- Born: Osvaldo Eustasio Salas Freire March 29, 1914 Havana, Republic of Cuba
- Died: May 5, 1992 (aged 78) Havana, Cuba
- Known for: Photograph of Ernest Hemingway and Fidel Castro

= Osvaldo Salas =

Cuban photographer

Osvaldo Eustasio Salas Freire (March 29, 1914 – May 5, 1992), was a Cuban-American photographer, remembered for his famous image of Ernest Hemingway and Fidel Castro in Cuba, circa 1960, and for his prolific documentation of American Major League Baseball—and, in particular, the influx of minority players—during the 1950s, all of which now resides in the collection of the National Baseball Hall of Fame.

==Early life and career==
Born in Havana, Cuba, Salas was the first of three children raised by Antonio Salas Martinez and Ramona Freyre.
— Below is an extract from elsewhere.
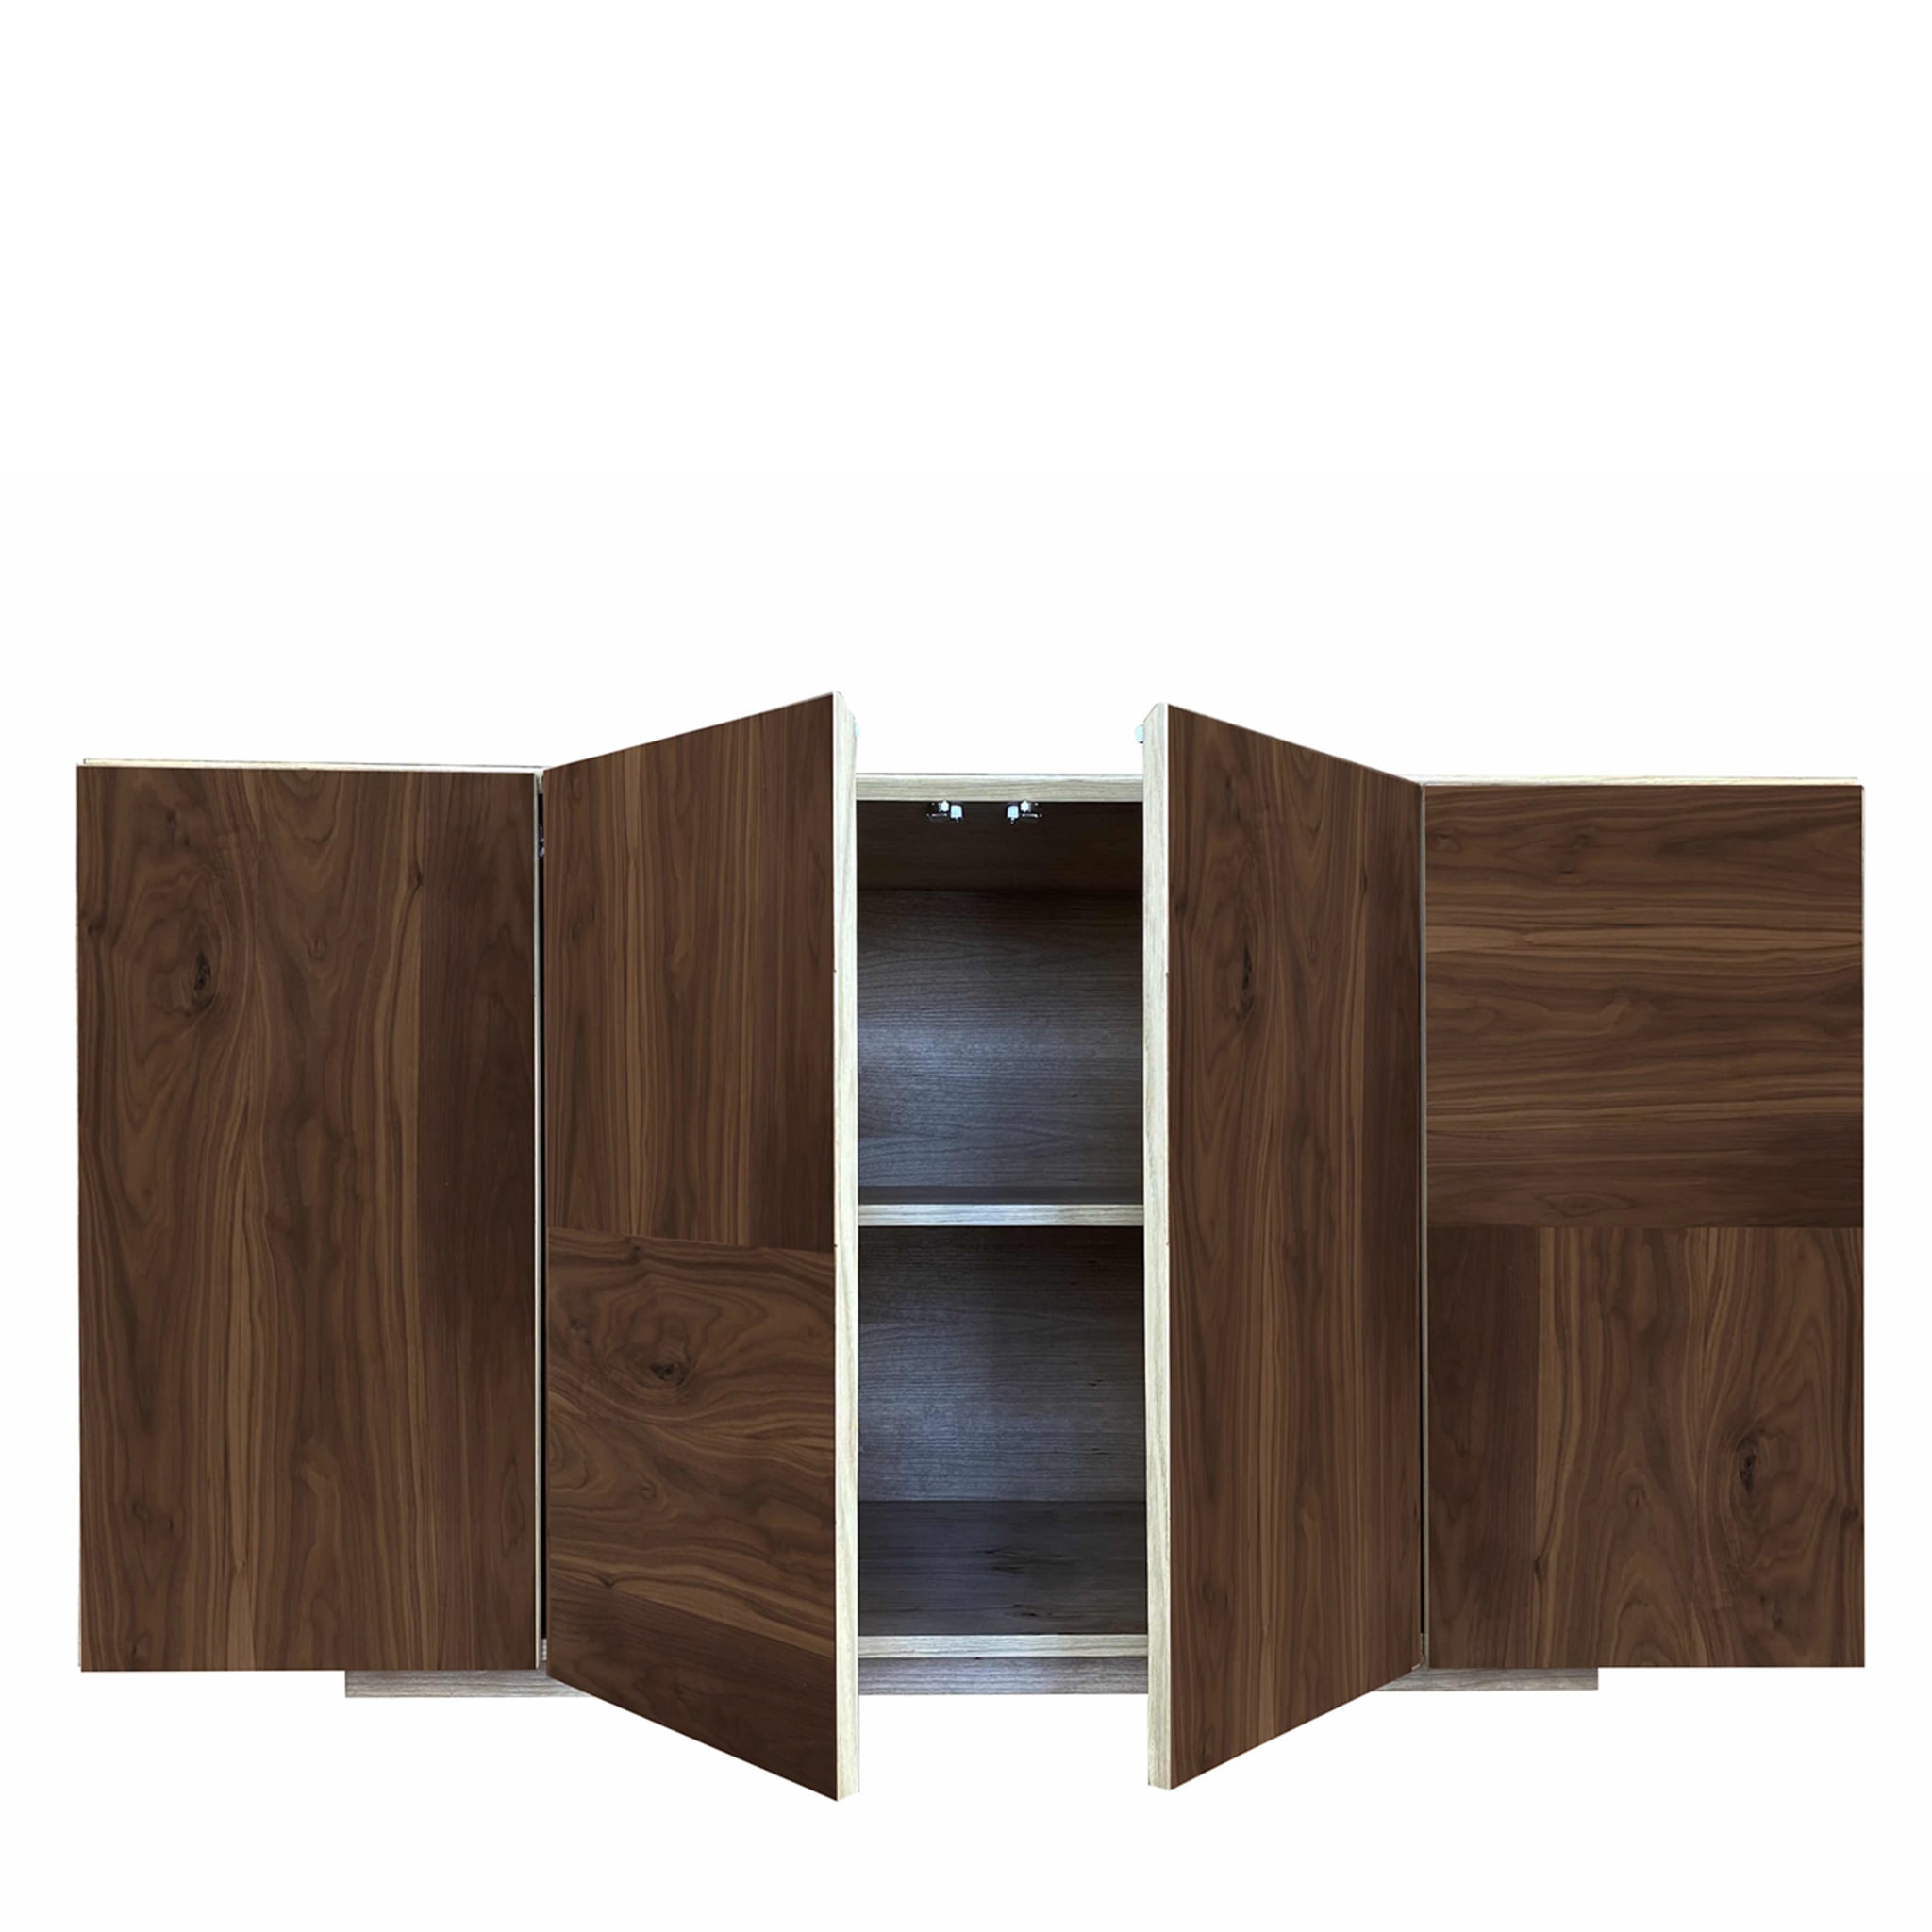 Boccadarno Uno 4-Door Walnut Sideboard by Meccani Studio - Alternative view 5

==Notable photos by Salas==
- Sugar Ray Robinson with training bag (1953)
- Felix Montemayor, Roman Mejias and Roberto Clemente (May 30, 1955)
- Archie Moore and Rocky Marciano (1956)
- Baseball Friction in Cuba (1959)
- Ernest Hemingway with Fidel Castro after a Fishing Tournament, June 11, 1960 (1960)

==Exhibitions==
Group exhibitions of his works include: in 1967, Expo’67, Pabellón Cubano, Montreal; 1985, County Hall, London. 2000, Cuba, A Photographic Journey, The College of Santa Fe;

==Collections==
His works are in the collections of the National Baseball Hall of Fame and Museum, the Museum of Fine Arts, Houston, the Smithsonian American Art Museum, Casa de las Américas, Havana, Cuba; Center for Cuban Studies, New York, NY; Centro Studi e Archivio della Comunicazione, Parma University, Parma, Italy; Fototeca de Cuba, Havana, Cuba; Galleria IF, Milan, Italy; Galleria Il Diafragma Kodak, Milan, Italy; Maison de la Culture de la Seine Saint-Denis, Paris, France; Museo Nacional de Bellas Artes, Havana, Cuba.